What is required |
Would you transcribe only the lines below, from the one containing "Oakley Eyewear Oakley" through the end of the material, exactly and with no pictures?
Material provided Start Marker
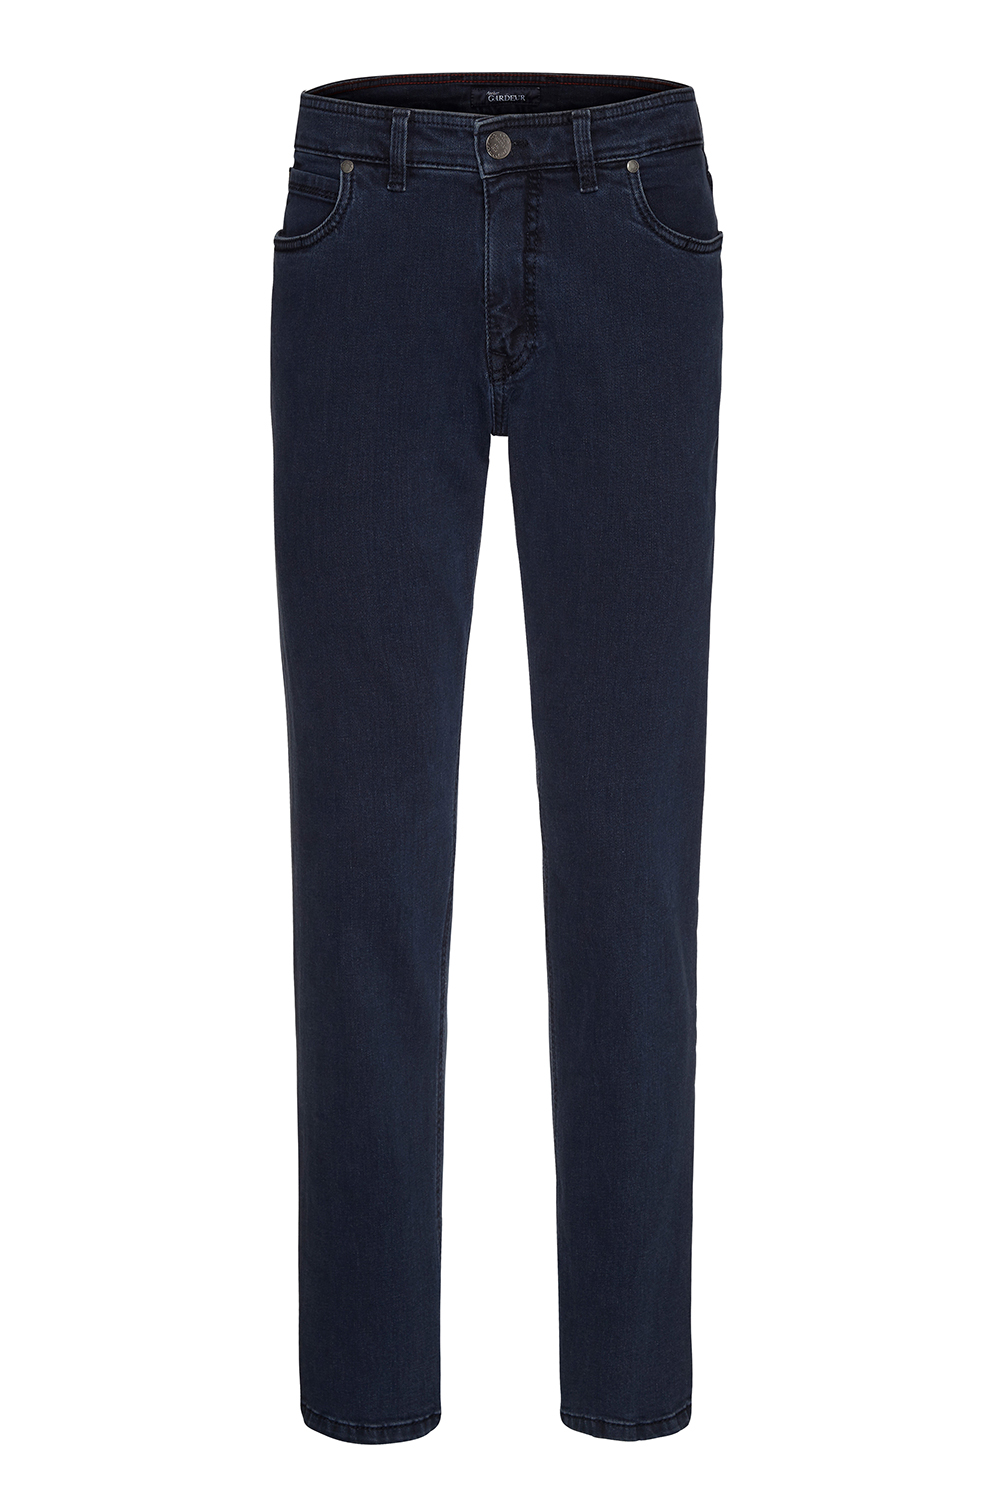 Gardeur - Batu-2 Modern Fit 5-Pocket Jeans Clean Blue - 36/36 - Heren
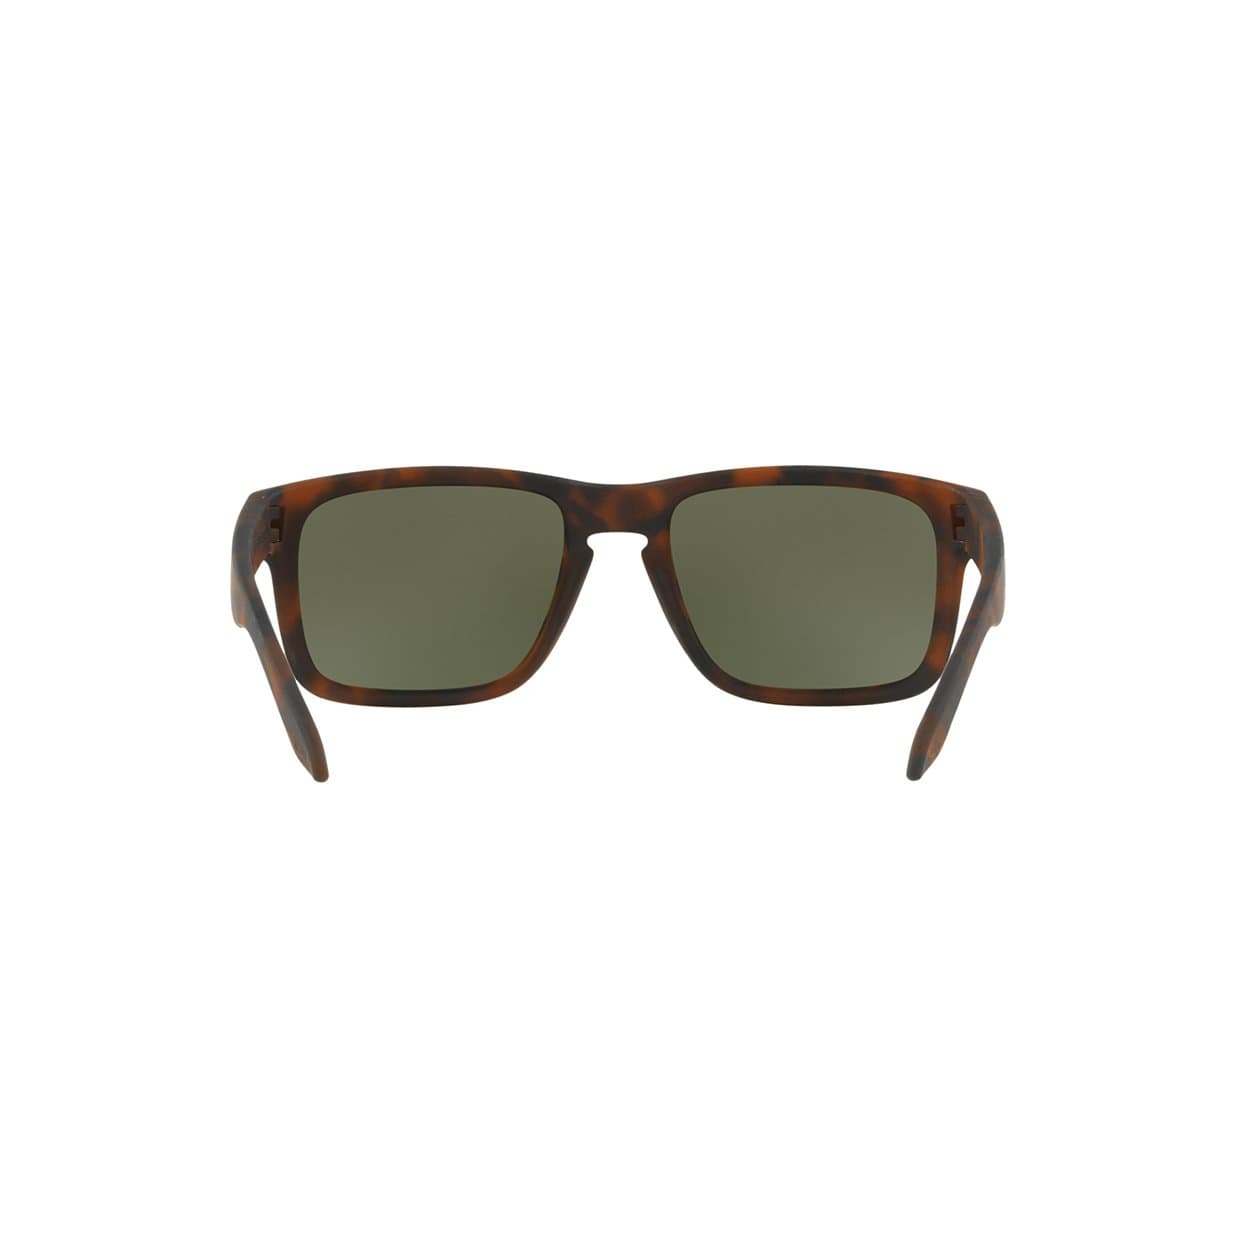 Oakley Eyewear Oakley Holbrook Sunglasses in Matte Brown Tortoise| Prizm Black Lens
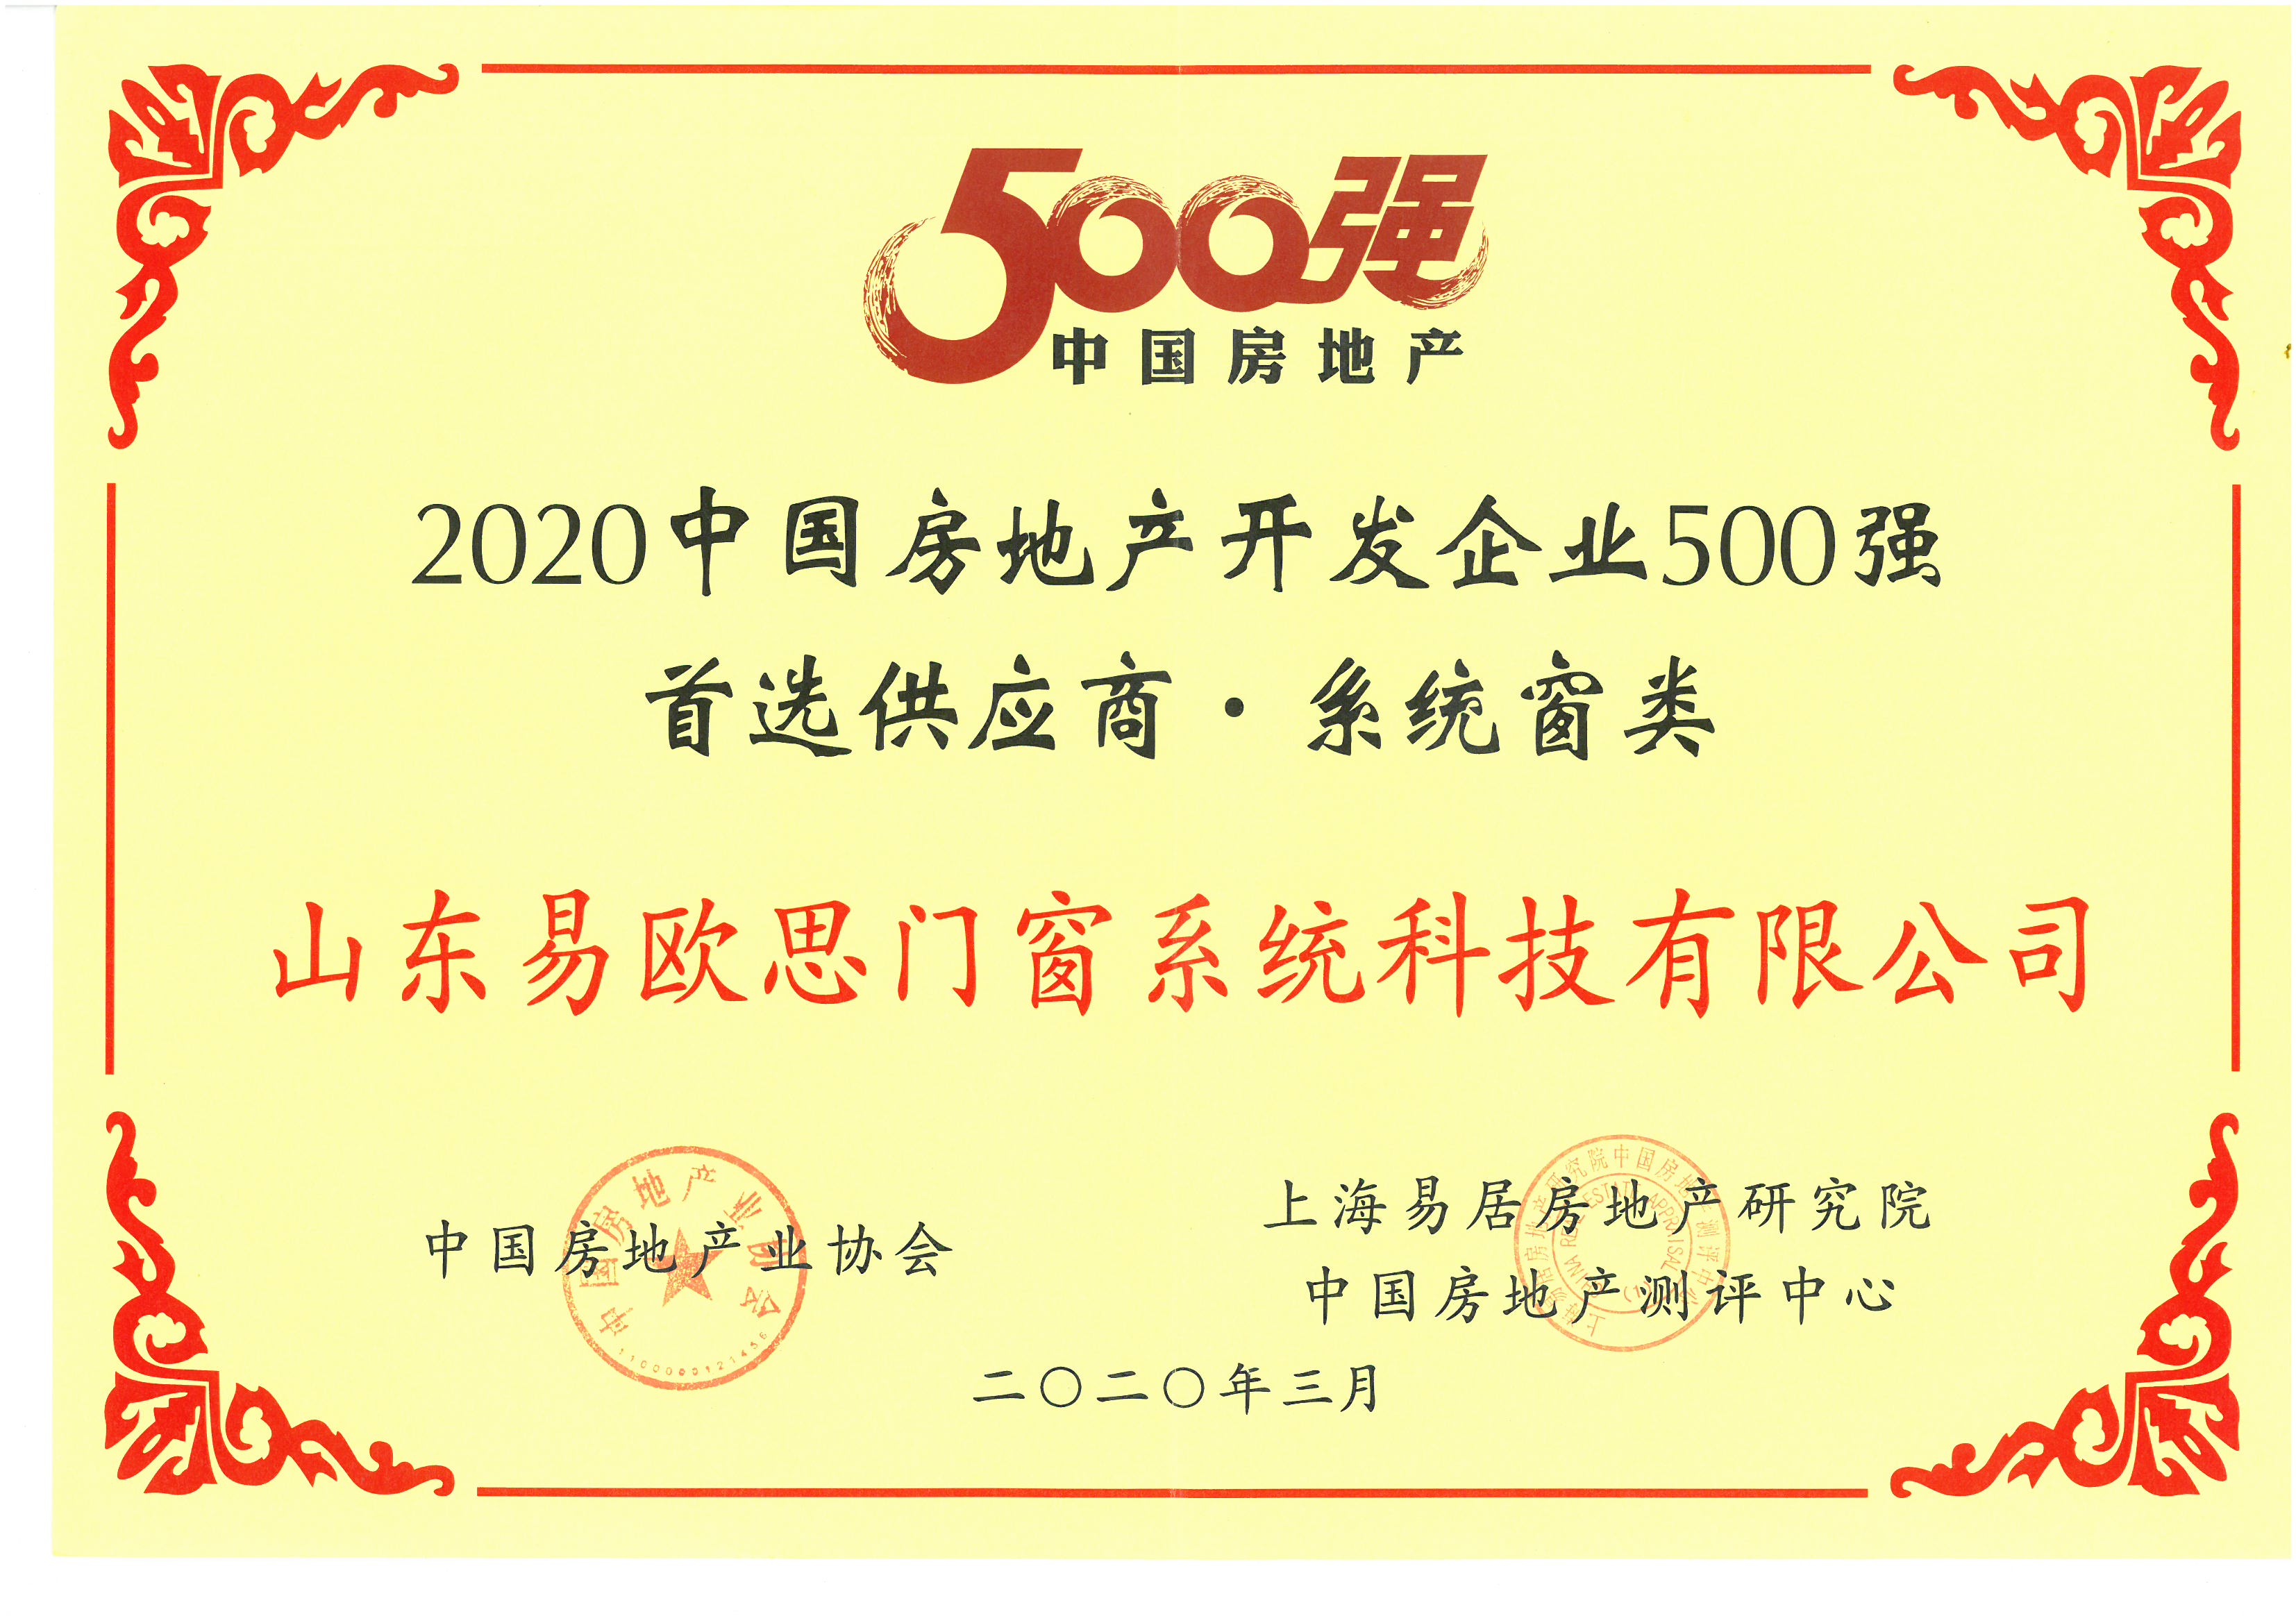 2020中国房地产开发企业500强首选供应商
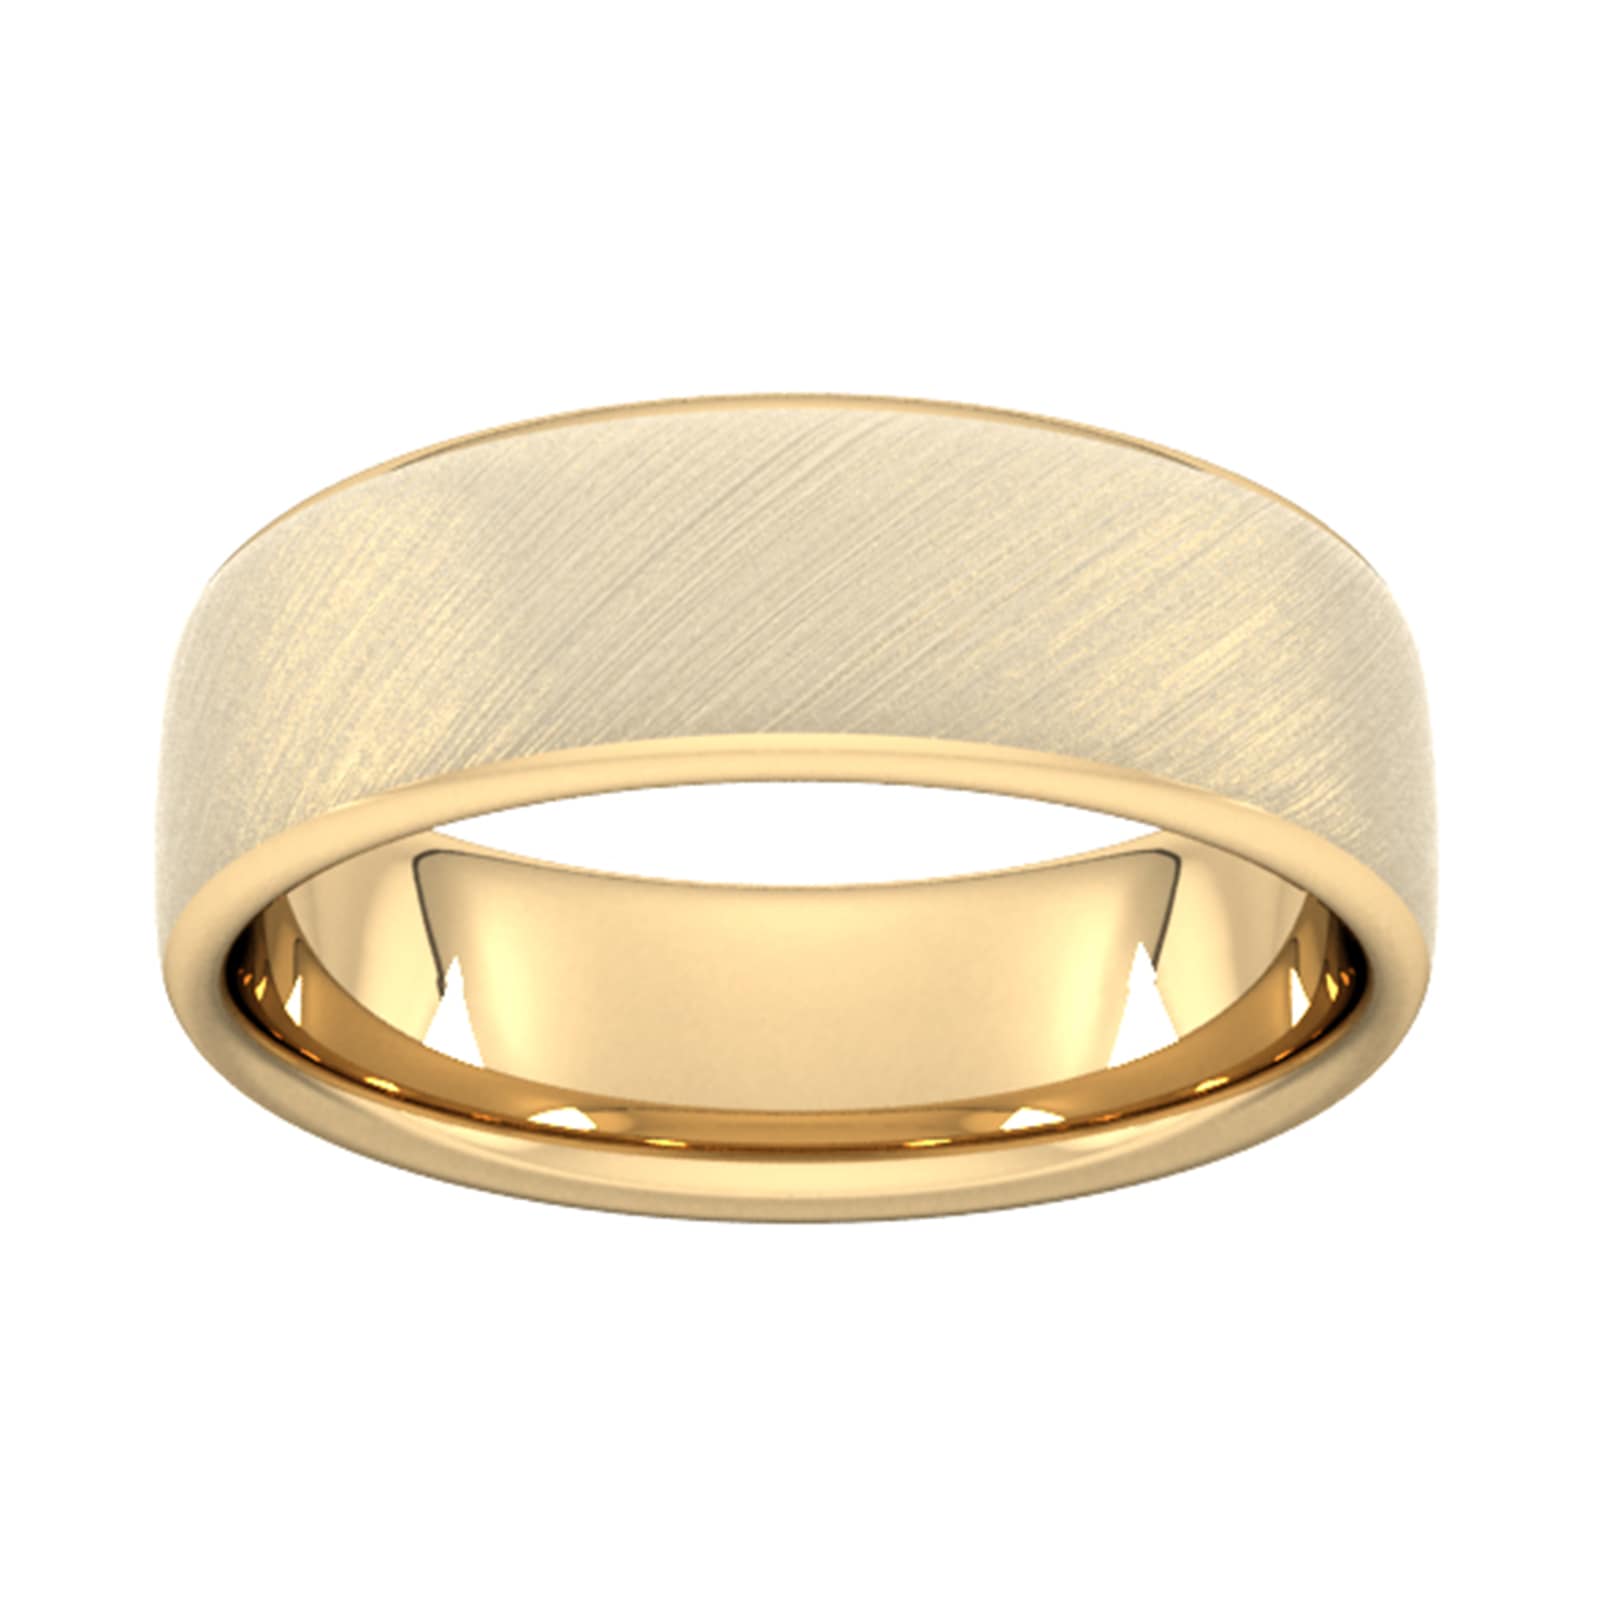 6mm Slight Court Heavy Diagonal Matt Finish Wedding Ring In 18 Carat Yellow Gold - Ring Size L
Material provided End Marker
Task output |
 Oakley Eyewear Oakley Holbrook Sunglasses in Matte Brown Tortoise| Prizm Black Lens
 2020中国房地产开发企业500强首选供应商
 6mm Slight Court Heavy Diagonal Matt Finish Wedding Ring In 18 Carat Yellow Gold - Ring Size L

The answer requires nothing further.